C l O H^{∙ -} \to C l ∙ + O H^{-}

(16)

C l O H^{∙ -} + C l^{-} \to {C l}_{2}^{∙ -} + O H

(17)

H O^{∙} + {C O}_{3}^{2 -} \to {C O}_{3}^{∙ -} + O H^{-}

(19)

H O^{∙} + {H C O}_{3}^{-} \to {C O}_{3}^{∙ -} + H_{2} O

(20)

{S O}_{4}^{∙ -} + {C O}_{3}^{2 -} \to {S O}_{4}^{2 -} + {C O}_{3}^{∙ -}

(21)

{S O}_{4}^{∙ -} + {H C O}_{3}^{-} \to {S O}_{4}^{2 -} + H C O_{3} ∙

(22)

{H P O}_{4}^{2 -} + {S O}_{4}^{∙ -} \to {H P O}_{4}^{∙ -} + {S O}_{4}^{2 -}

(23)

{H P O}_{4}^{2 -} + H O^{∙} \to {H P O}_{4}^{∙ -} + O H^{-}

(24)

Reusability of catalyst

The reusability of the catalyst was evaluated by five recycling experiments. Supplementary Figure S5b showed the MO removal performance of the RM_bc/PDS system at different cycle times, with MO removal rates of 92.50% and 84.35% in the first and second cycles, respectively. The degradation efficiency gradually decreased with the number of cycles, and finally reached 66.50% of MO removal after the fifth cycle. RM_bc has good reusability than RM₀, which was only 34.77% removal ratio during the fifth cycle, indicating that the catalyst reuse performance enhanced under biochar loading. Supplementary Figure S5c shows that the dissolution of Fe was only 0.046 mg/L after the first cycle and eventually stabilized at about 0.031 mg/L after the fifth cycle, indicating less dissolution of Fe in the reaction.

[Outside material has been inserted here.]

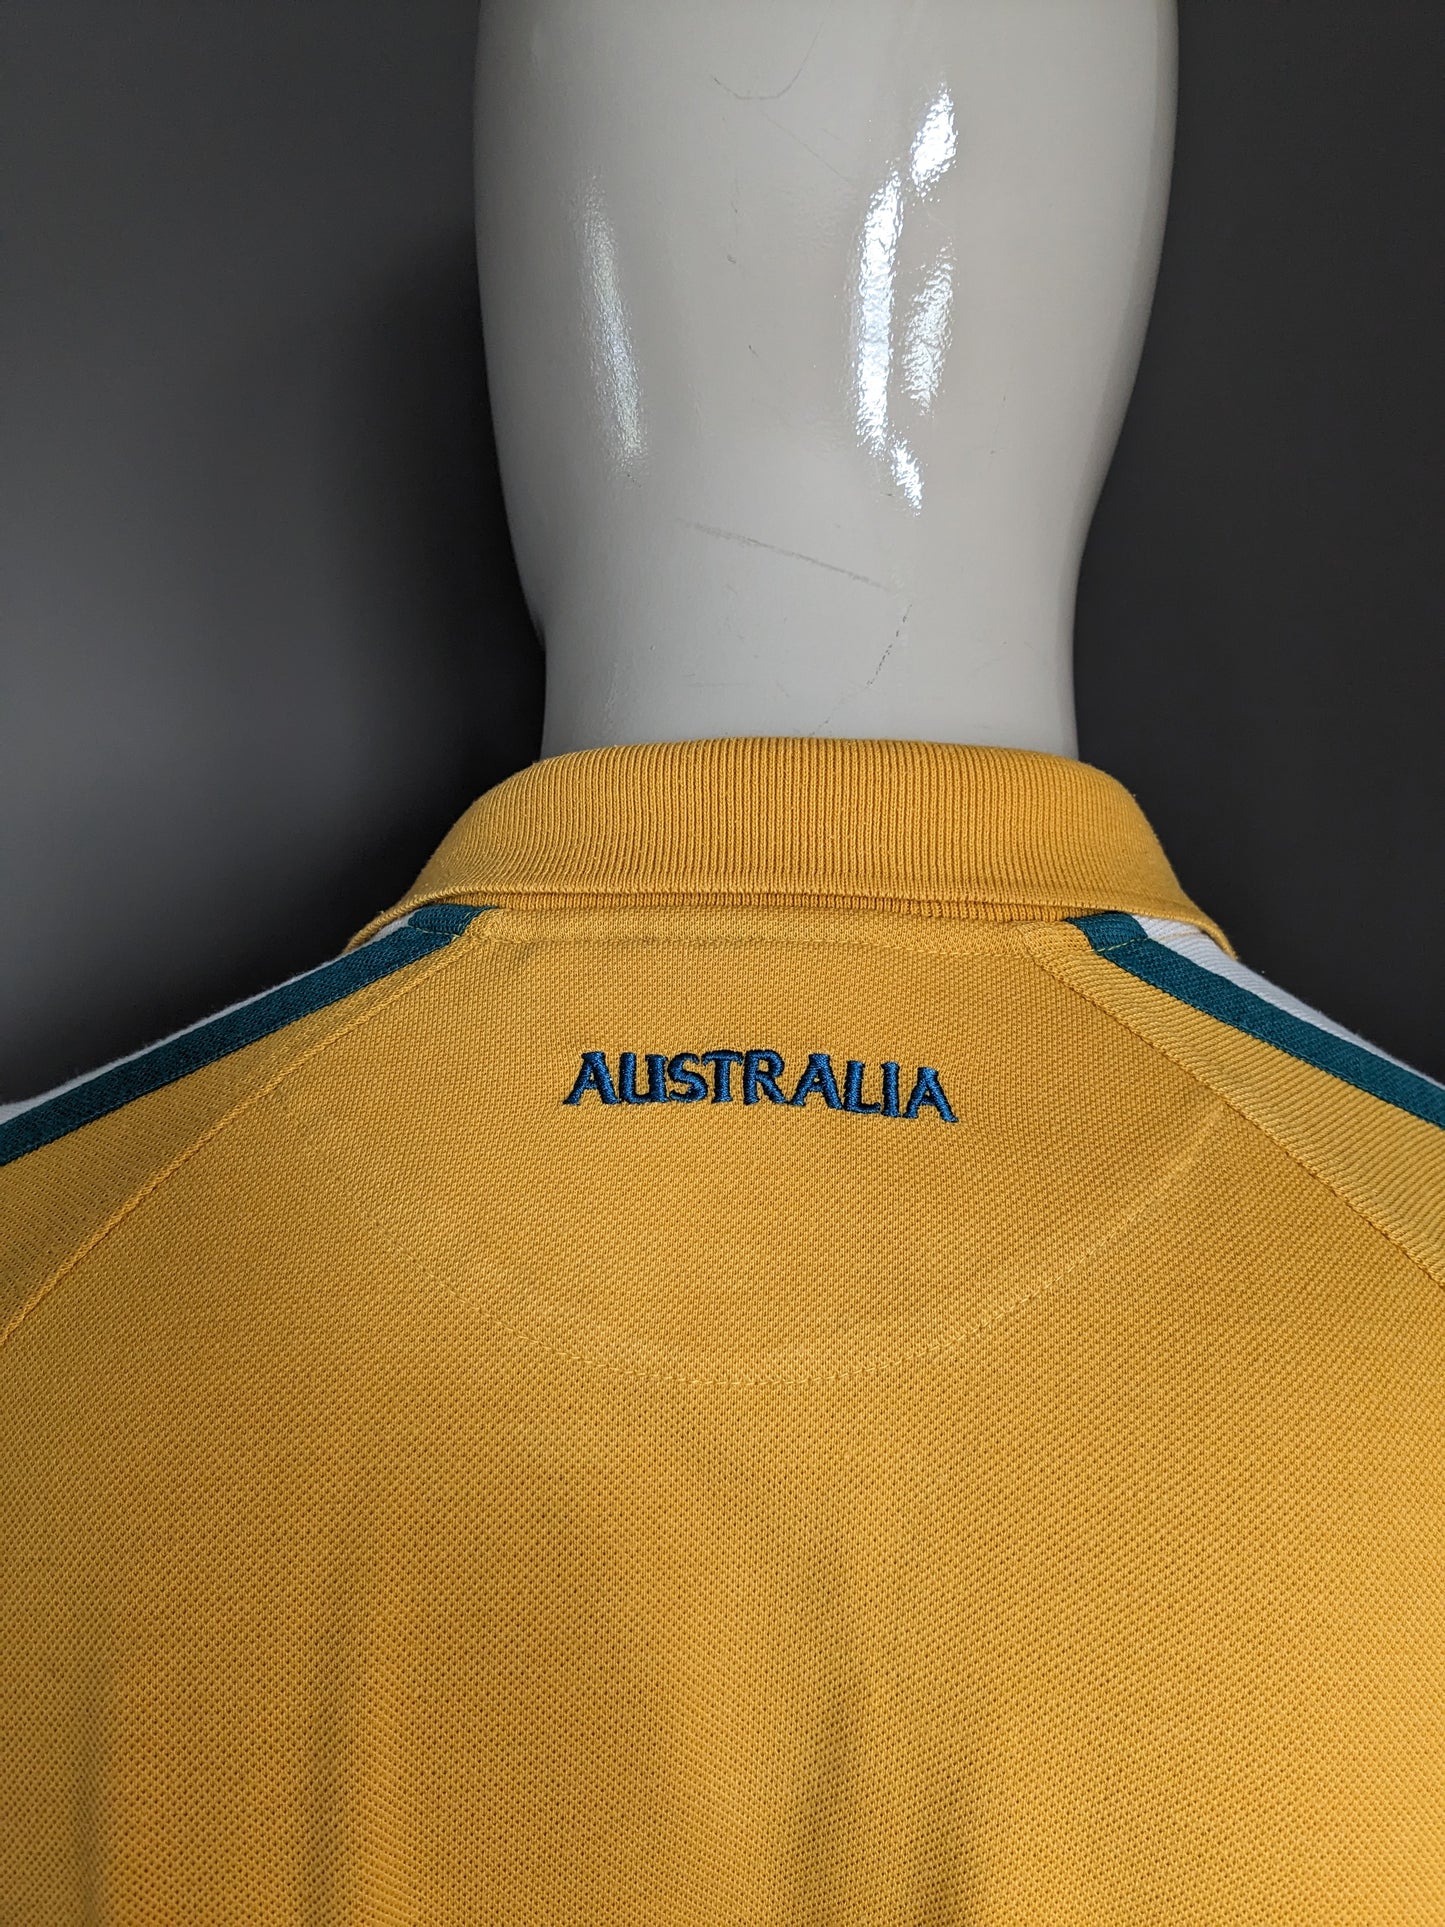 Vintage Australia Rugby Polo. Couleur jaune blanc vert. Taille 2xl / xxl.

Supplementary Figure S5d shows that the loading of BC improved the recycling ability of the catalyst, with about 0.18 g of catalyst recycled mass remaining after several cycles.

Catalytic mechanism

Identification of ROS

The quenching experimental results of the RM₀/PDS showed that the degradation of MO was mainly affected by the combined effect of SO₄^•−, •OH, and O₂^•− (Supplementary Fig. S6a). But in the RM_bc/PDS system, the main reactive radicals of the reaction were O₂^•− and ¹O₂ (Fig. 3a), indicating that the loading of biochar had a greater effect on the removal of MO, and its oxidation pathway changed from a free radical pathway to combine radical and nonradical pathways (Li et al., 2020b). On the contrary, typical O₂^•− and ¹O₂ were found at RM_bc/PDS system (Fig. 3), which indicated that MO is mainly removed by the radical pathway by RM₀/PDS system, and the coexistence of radical and nonradical pathways as major ROS in the RM_bc/PDS system.

FIG. 3.

Quenching experiments (a), electron paramagnetic resonance spectra of DMPO-SO₄^•−+•OH (b), DMPO-O₂^•− (c), and TEMP-¹O₂ (d) of RM_bc/PDS system on MO degradation. Reaction conditions: [RM_bc] = 1.0 g/L, [pH] = 6, [PDS] = 20 mM, [MO] = 100 mg/L, [TEMP] = 25°C.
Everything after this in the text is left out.